TASK INSTRUCTIONS ▸
Write out the entire listing below exactly as it appears, minus any pictures.

DATASET CONTENT ▸
=======

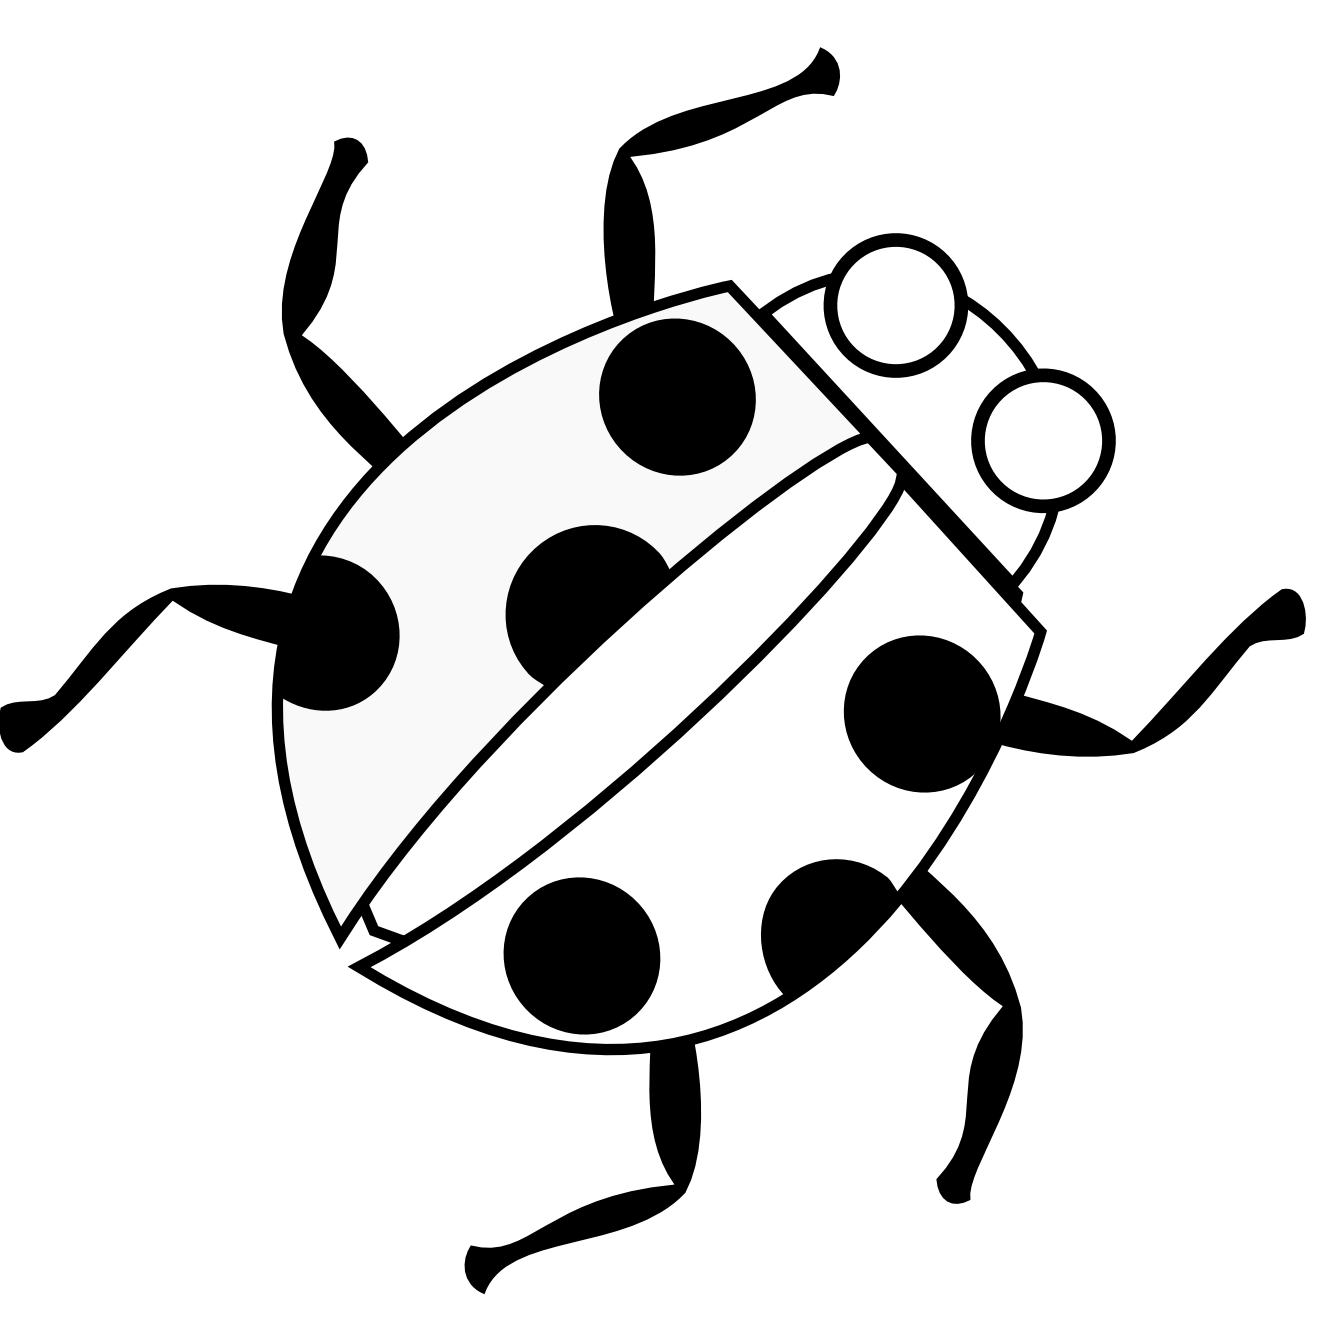 1331x1331 Mayflower Black And White Clipart
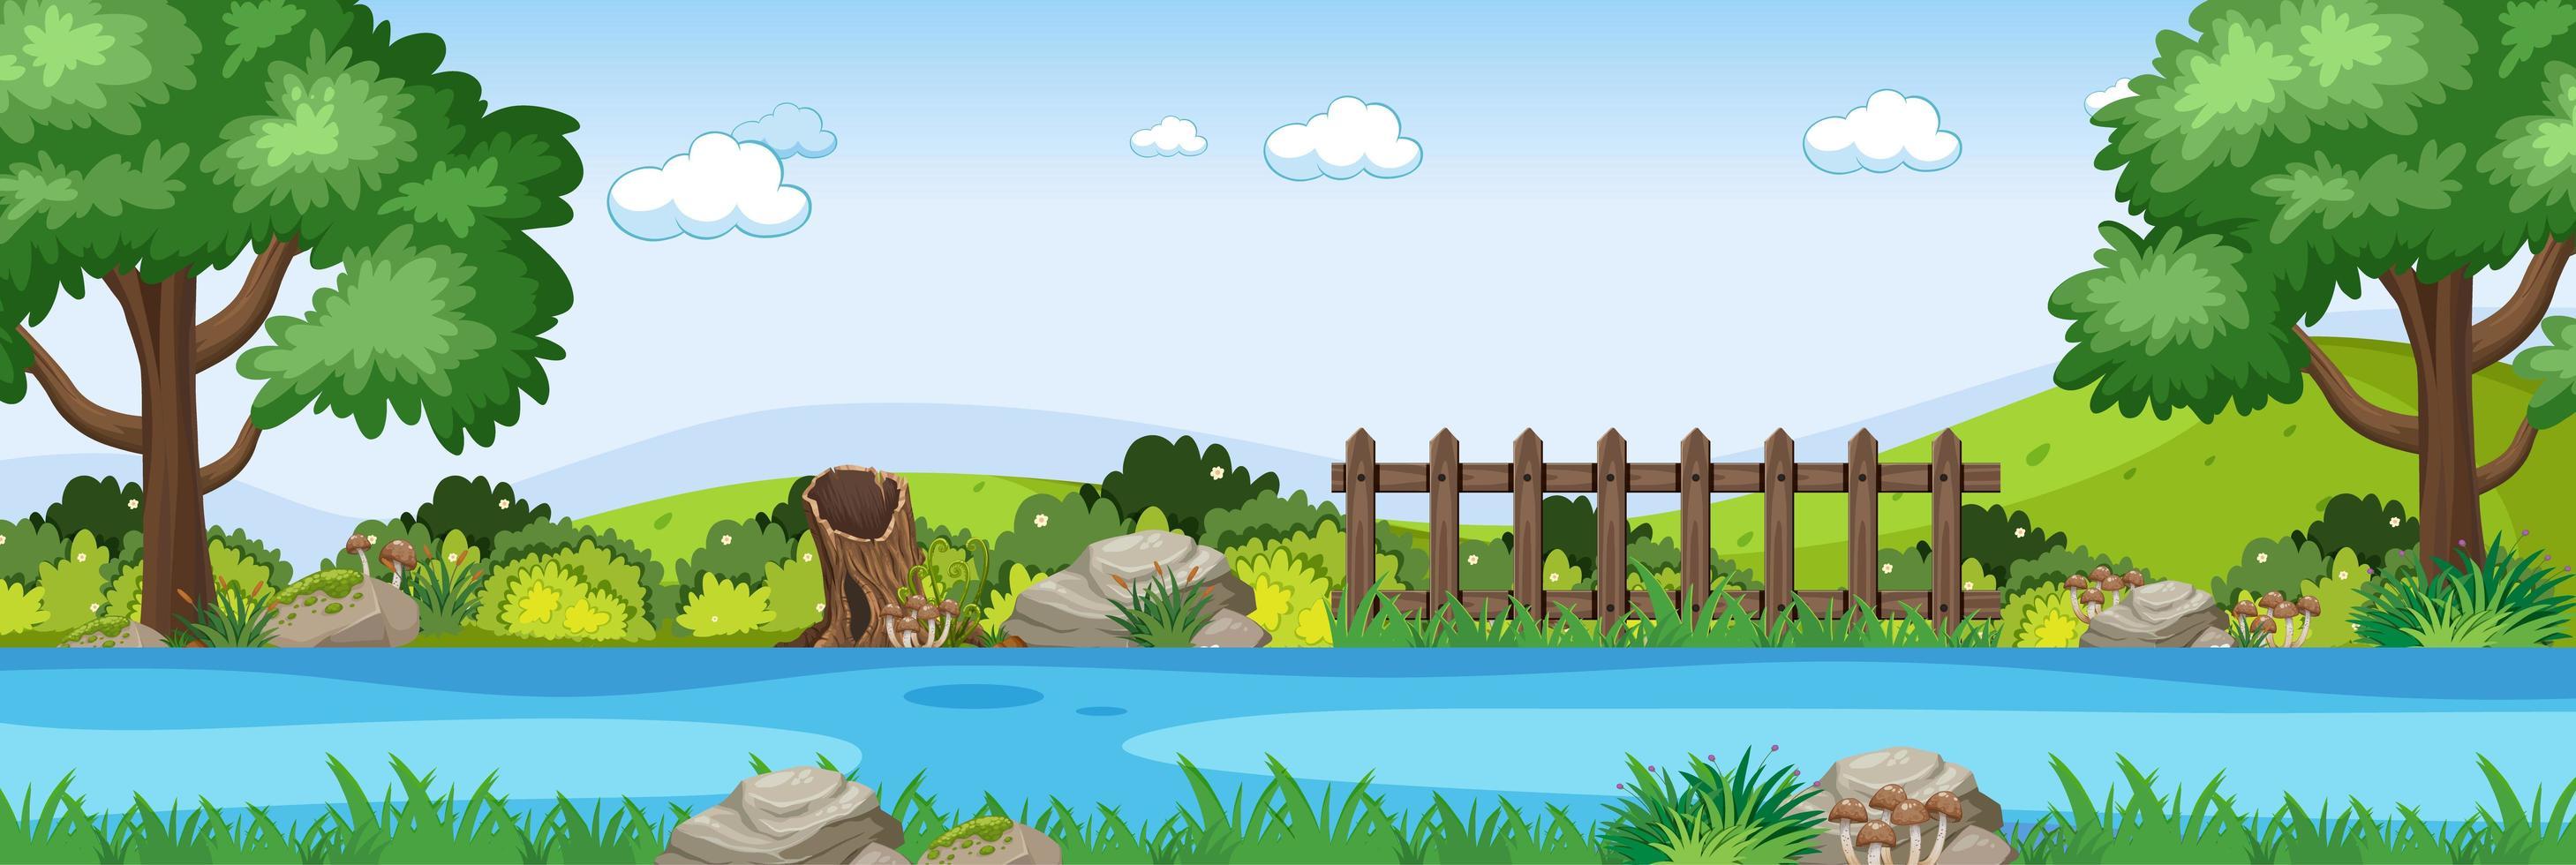 flodplats i parkens horisontella scen vektor
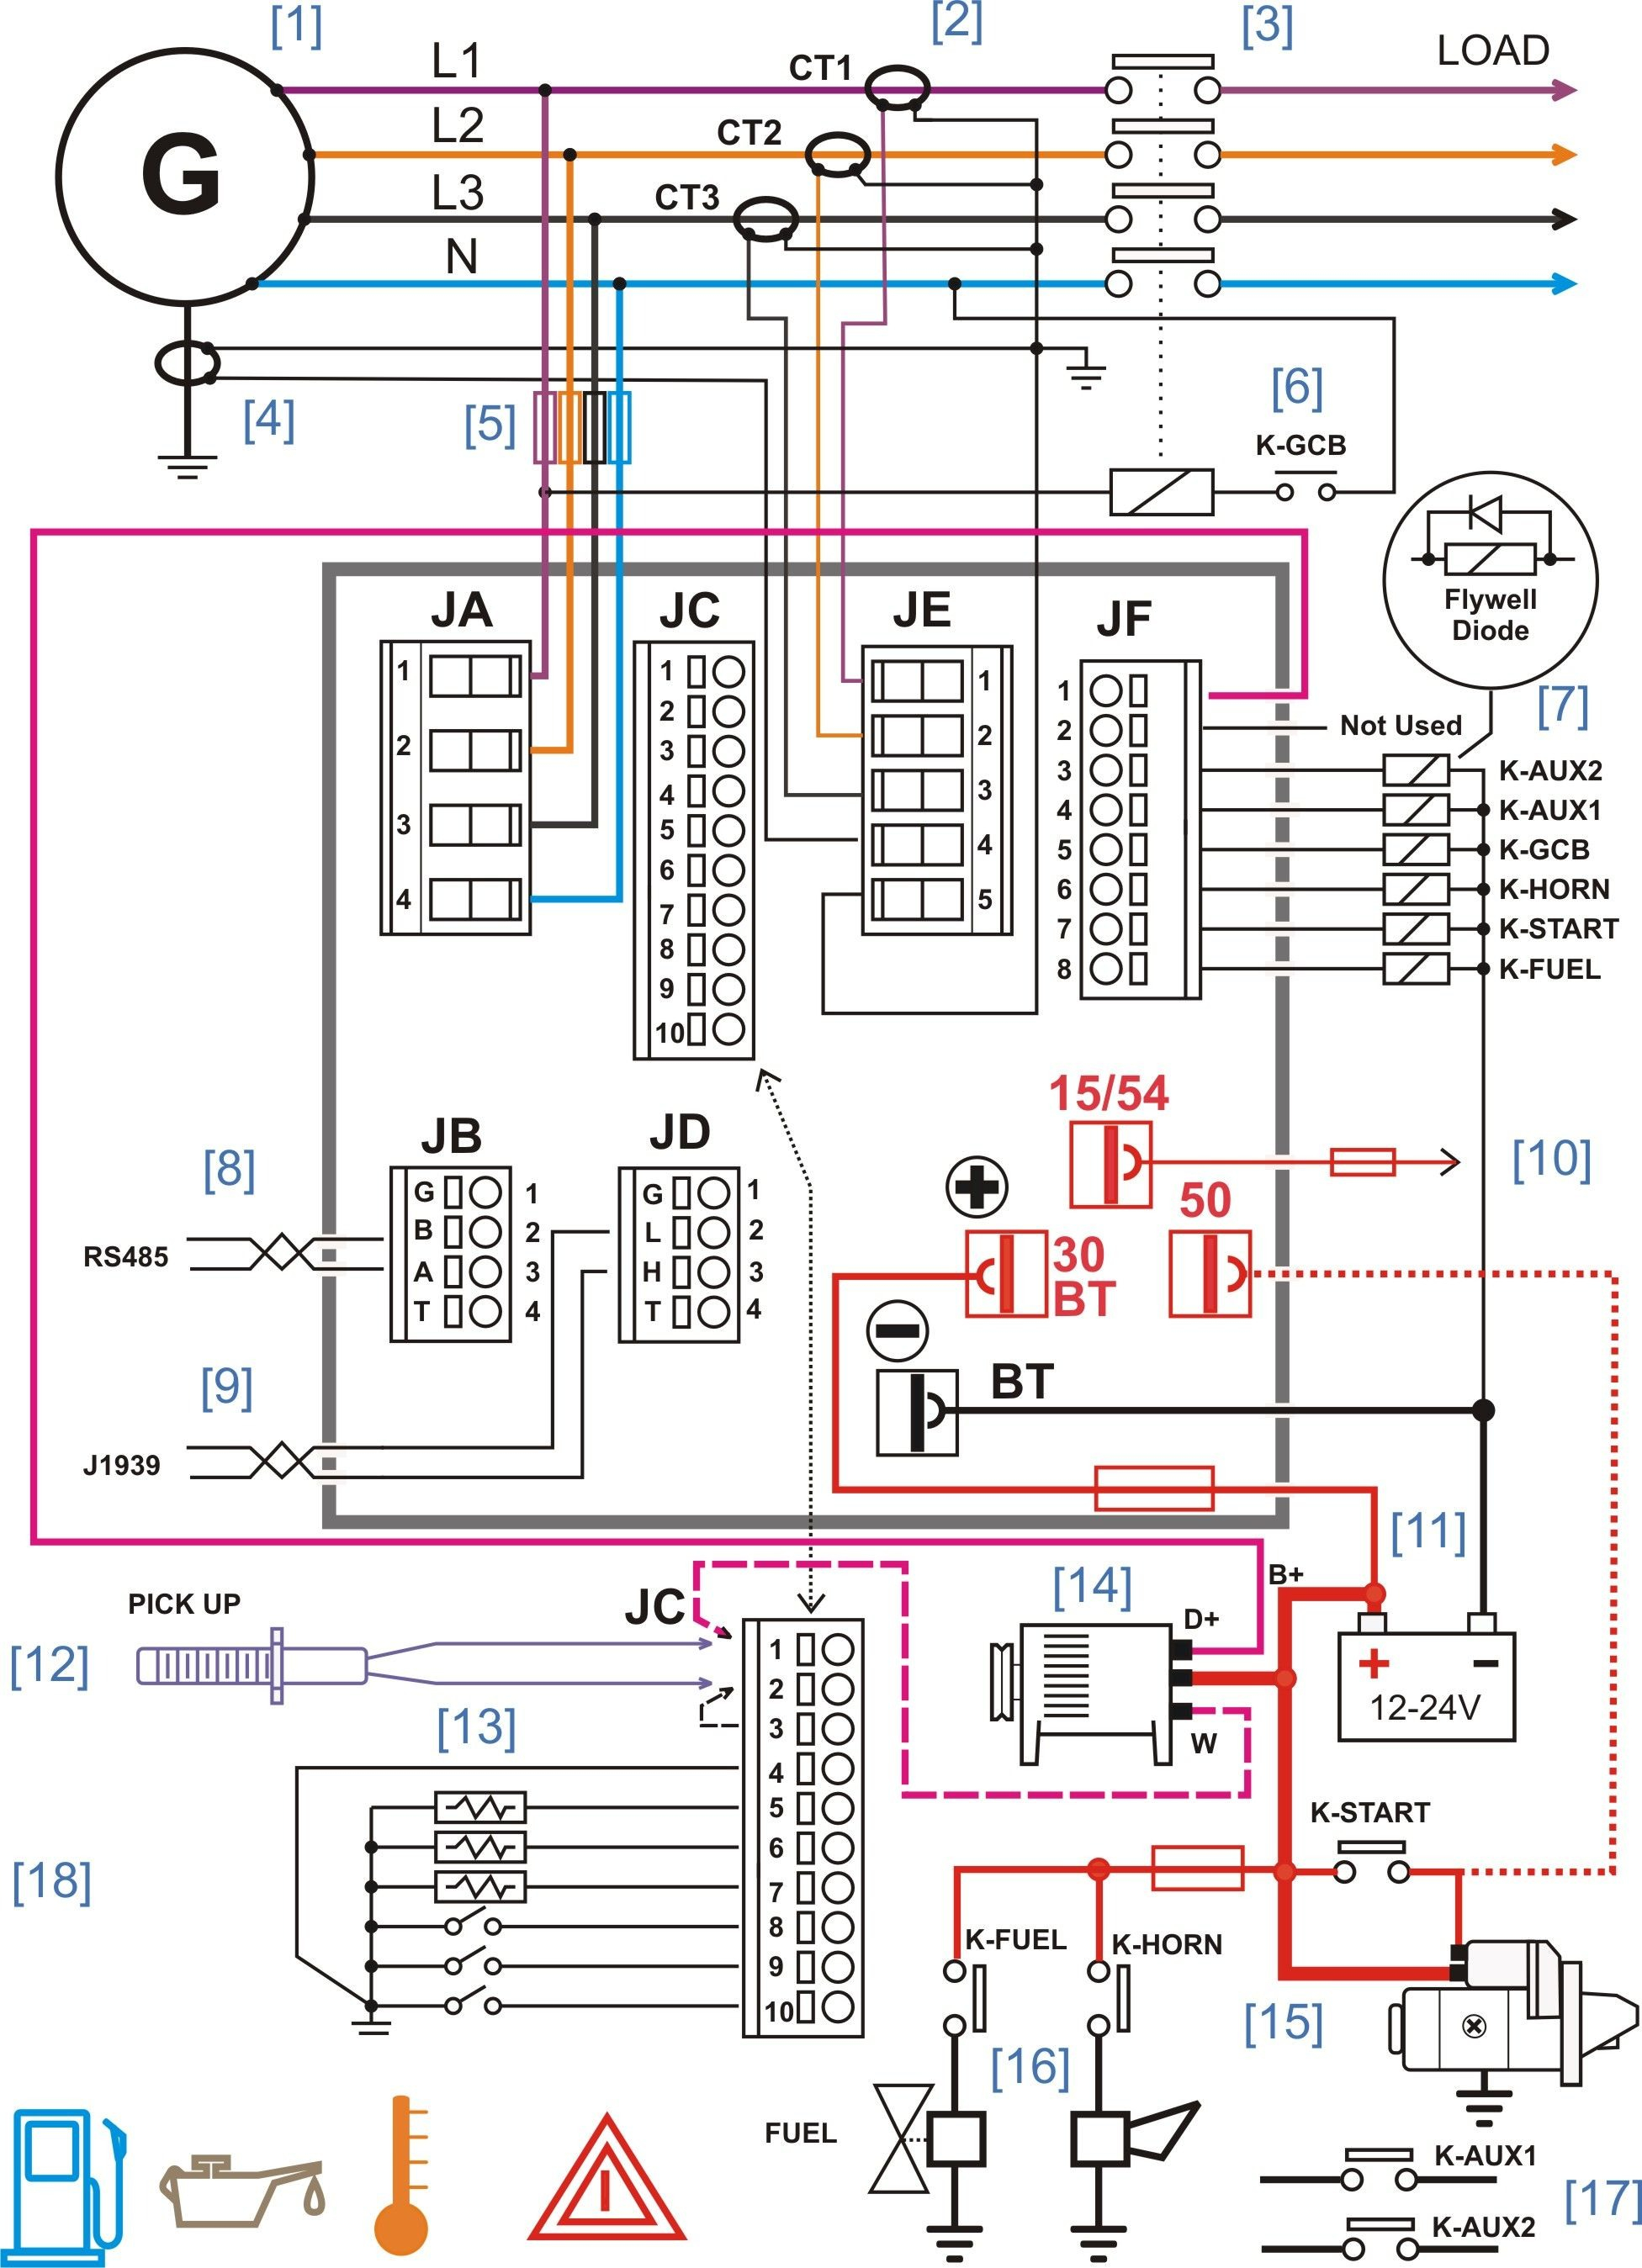 zoeller duplex pump control panel wiring diagram three port valve free download oasis dl co orenco diagrams schematics myers at

=======

OUTPUT FOR THIS EXERCISE ▸
 1331x1331 Mayflower Black And White Clipart
 flodplats i parkens horisontella scen vektor
 zoeller duplex pump control panel wiring diagram three port valve free download oasis dl co orenco diagrams schematics myers at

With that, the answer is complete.